19.05.2008

PRISE DE POSITION DE L'ELYSEE DANS LA PROBLEMATIQUE DE LA LIBERATION D'INGRID BETANCOURT

 Devant l'inertie des pays civilisés face au sort de Madame Bétancourt, enlevée depuis 6 ans, très malade, on disait même en train de suivre une grève de la faim, j'ai pris mon clavier et demandé à Monsieur Sarkozy, Président de la République française ce qu'il faisait actuellement, lui qui avait fait le rêve de voir la Franco-colombienne libérée pour Noël 2007.

Suit sa réponse. Le fait même de ne rien apprendre de nouveau a le mérite de considérer la situation bloquée côté français malgré des actions louables de la diplomatie dès que possible.

Le problème se situe dès lors au niveau de la Colombie et de ses voisins directs comme le Vénézuela. Les rapports sont peu cordiaux surtout puis la connaissance du contenu d'un disque dur des Farc qui prouverait qu'Hugo Chavez et ses alliés étaient prêt à verser une forte rançon et même des armes contre la libération d'otages.

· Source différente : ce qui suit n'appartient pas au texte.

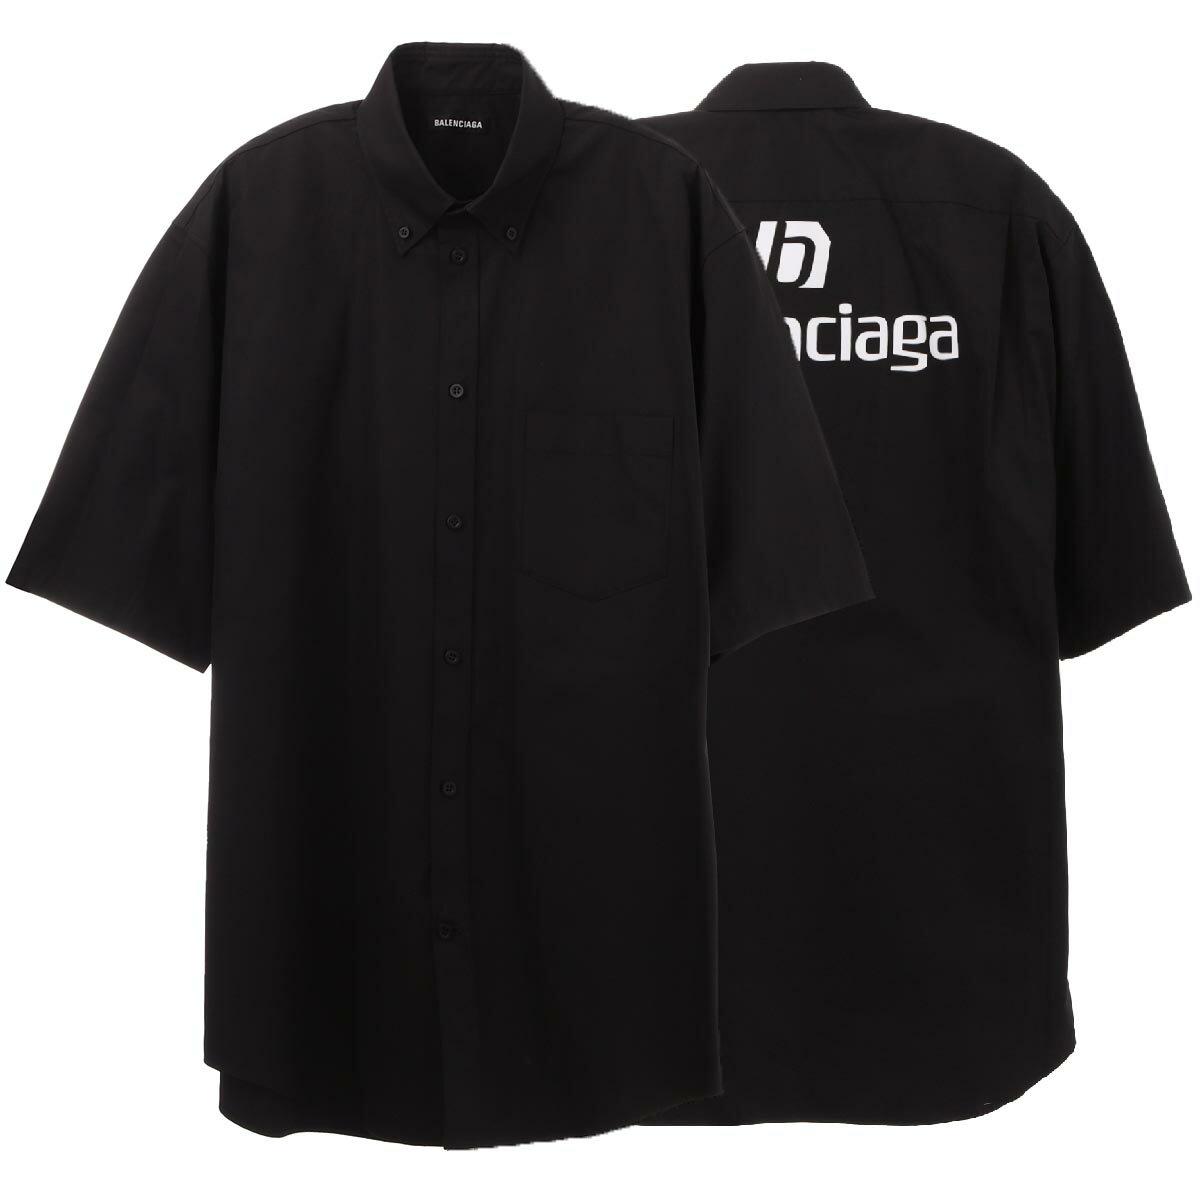 トップス, カジュアルシャツ  BALENCIAGA 642292 tyb18 1000 SPONSOR

De quoi titiller la susceptibilité de la Colombie.

Merci à M. Sarkozy d'avoir bien voulu répondre à ma missive dont voici le texte.

 

 http://bl120w.blu120.mail.live.com/mail/SafeRedirect.aspx?hm__tg=http%3a%2f%2f65.55.187.151%2fatt%2fGetAttachment.aspx&hm__qs=file%3df5082d84-271b-4148-82d8-66e1cb3858eb.gif%26ct%3daW1hZ2UvZ2lm%26name%3daW1hZ2UwMDEuZ2lm%26inline%3d1%26rfc%3d0%26empty%3dFalse%26imgsrc%3dcid%253aimage001.gif%254001C877E5.6DB7B030&oneredir=1&ip=10.6.1.167&d=d2760&mf=0

SCP/CdO/B082857

Cher Monsieur,

Le Président de la République m'a confié le soin de répondre à votre courrier.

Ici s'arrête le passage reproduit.